Overall, there was 1.9% mortality in the experiment and the removed pigs were from 6 different diets and values for ADG, ADFI, and G:F (Table 4) of these pens were adjusted as previously explained . The remaining animals consumed their diets without apparent problems and remained healthy throughout the experiment. The model to predict final BW, ADG, ADFI, and G:F was reduced because only the interaction (P < 0.01) between STTD Ca and STTD P was significant. The predicted maximum BW at STTD P concentrations of 0.16%, 0.33%, 0.42%, and 0.50% were 21.18, 23.92, 24.40, and 24.27 kg at STTD Ca concentrations of 0.31%, 0.46%, 0.54%, and 0.61% respectively. These values correspond to STTD Ca:STTD P ratios of 1.93:1, 1.39:1, 1.28:1, and 1.21:1 (Fig. 1a). The predicted maximum ADG at STTD P concentrations of 0.16%, 0.33%, 0.42%, and 0.50% were 481, 614, 635, and 624 g at STTD Ca concentrations of 0.31%, 0.46%, 0.54%, and 0.61% respectively, corresponding to STTD Ca:STTD P ratios of 1.93:1, 1.39:1, 1.28:1, and 1.22:1 (Fig. 1b). The predicted maximum ADFI at STTD P concentrations of 0.16%, 0.33%, 0.42%, and 0.50% were 867, 946, 953, and 940 g at STTD Ca concentrations of 0.36%, 0.50%, 0.57%, and 0.64% respectively, which correspond to STTD Ca:STTD P ratios of 2.24:1, 1.51:1, 1.36:1, and 1.28:1 (Fig. 1c).
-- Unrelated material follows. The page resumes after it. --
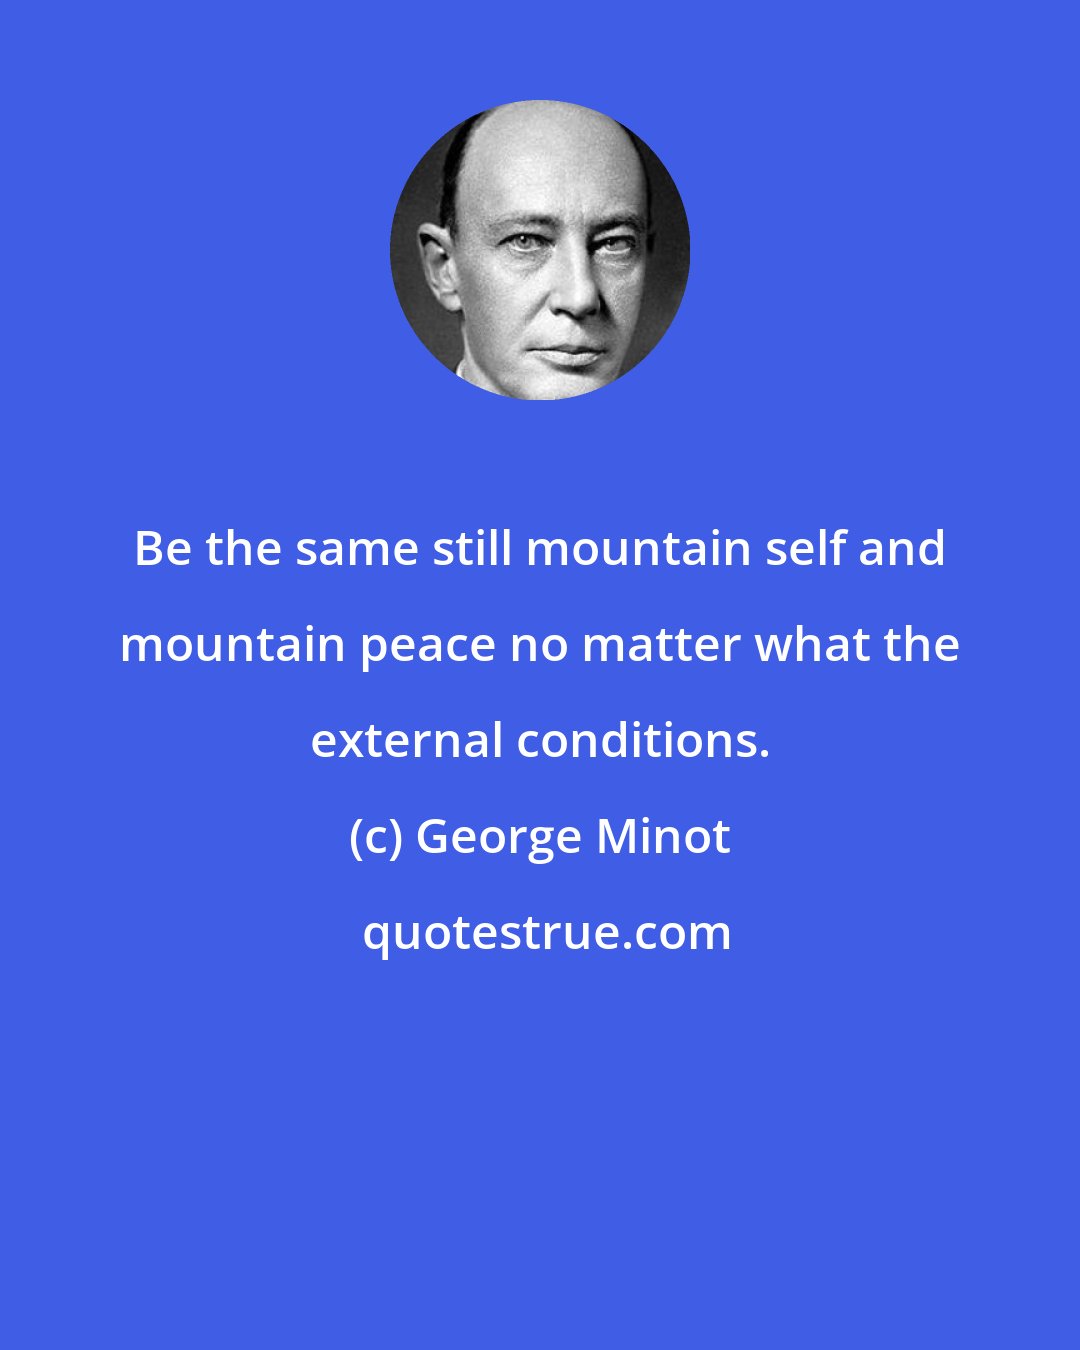 George Minot: Be the same still mountain self and mountain peace no matter what the external conditions.

The predicted maximum G:F at STTD P concentrations of 0.16%, 0.33%, 0.42%, and 0.50% were 0.556, 0.652, 0.671, and 0.668 g:g at STTD Ca concentrations of 0.24%, 0.41%, 0.50%, and 0.59% respectively. These values correspond to STTD Ca:STTD P ratios of 1.51:1, 1.25:1, 1.20:1, and 1.17:1 (Fig. 1d).
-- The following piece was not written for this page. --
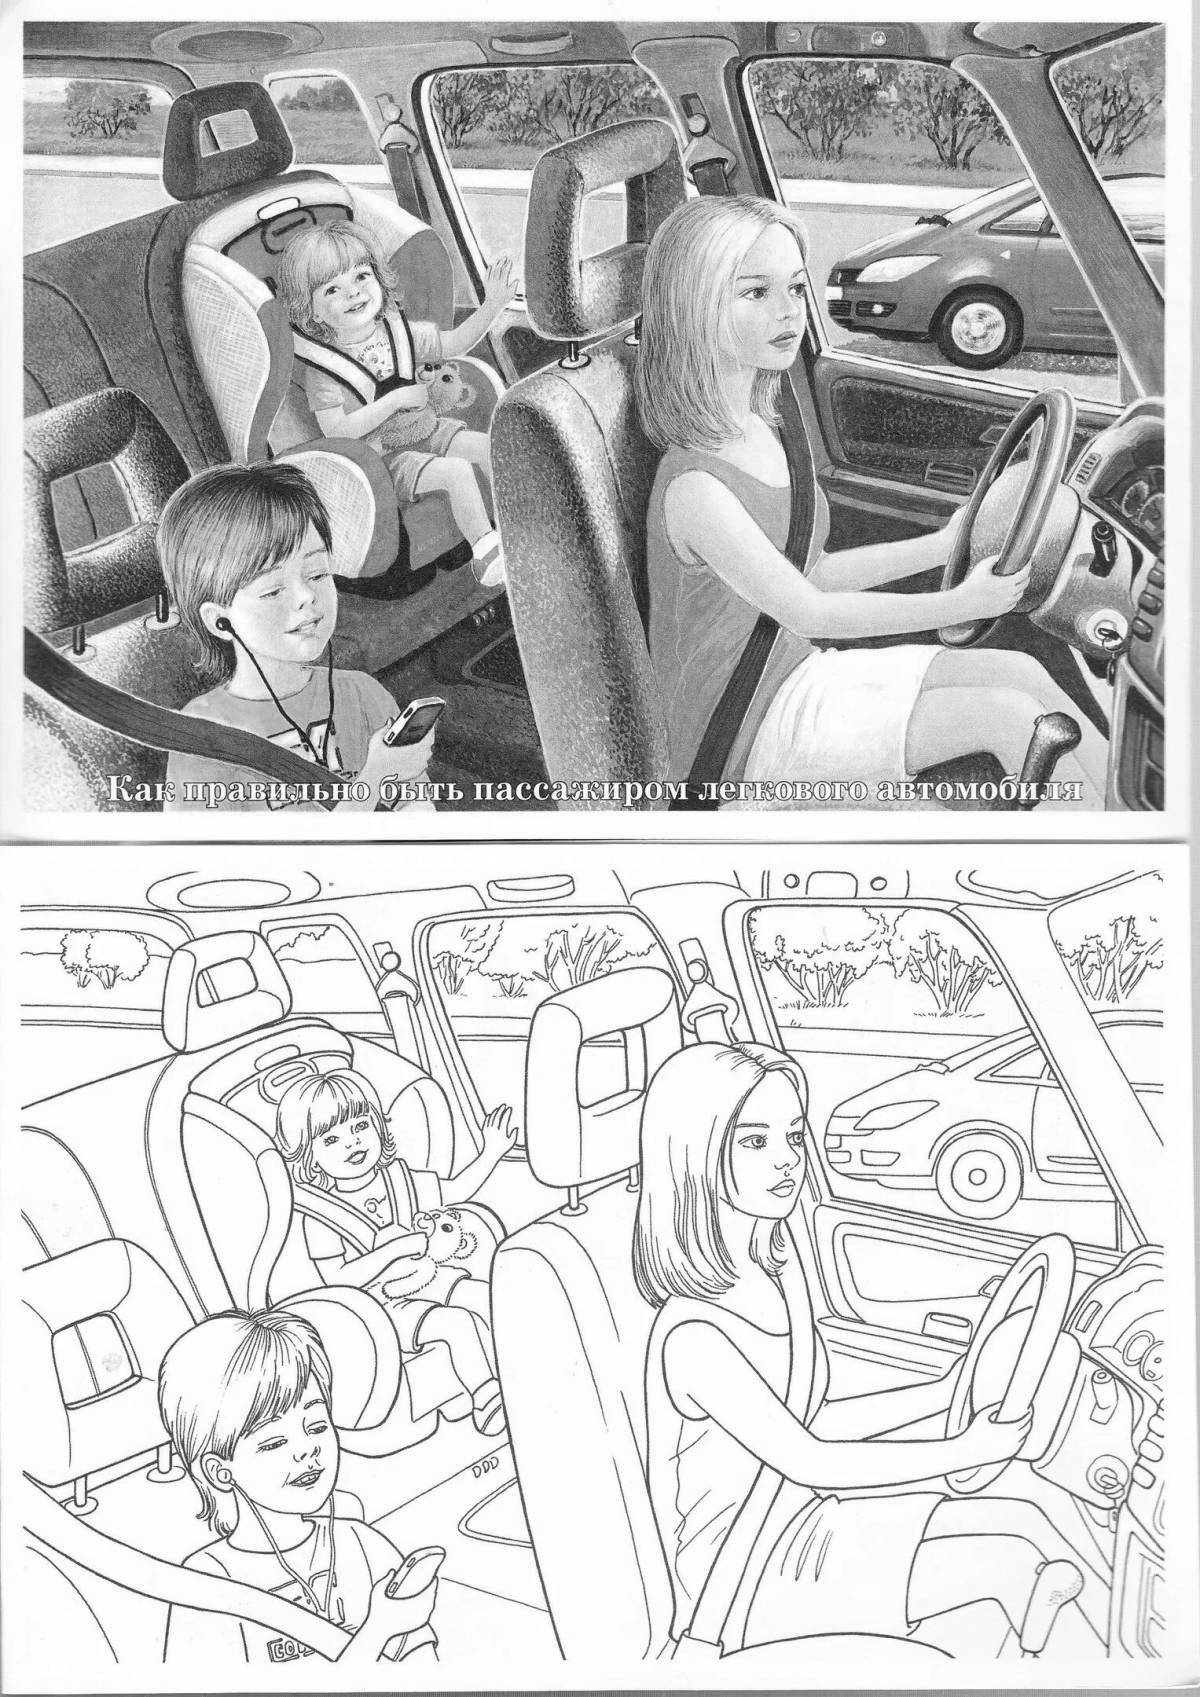 Crazy coloring pages of my dad and me for safer roads

The full model was used to predict the concentration of bone ash, bone Ca, and bone P in g per femur (interactions, P < 0.01; Table 5). The predicted maximum bone ash at STTD P concentrations of 0.33%, 0.42%, and 0.50% were 11.68, 13.03, and 15.68 g at STTD Ca concentrations of 0.55%, 0.63%, and 1.15%, respectively. These values correspond to STTD Ca:STTD P ratios of 1.66:1, 1.50:1, and 2.30:1 (Fig. 2a). The predicted maximum bone Ca at STTD P concentrations of 0.33%, 0.42%, and 0.50% were 4.51, 5.03, and 6.41 g at STTD Ca concentrations of 0.55%, 0.64%, and 1.31%, respectively, corresponding to STTD Ca:STTD P ratios of 1.67:1, 1.52:1, and 2.62:1 (Fig. 2b). The predicted maximum bone P at STTD P concentrations of 0.33%, 0.42%, and 0.50% were 2.14, 2.38, and 2.89 g at STTD Ca concentrations of 0.53%, 0.61%, and 1.19%, respectively, which correspond to STTD Ca:STTD P ratios of 1.61:1, 1.45:1, and 2.38:1 (Fig. 2c). However, maximum bone ash, bone Ca, and bone P in grams per femur at STTD P concentration of 0.16% were not estimated because of a lack of response to increasing concentrations of dietary STTD Ca.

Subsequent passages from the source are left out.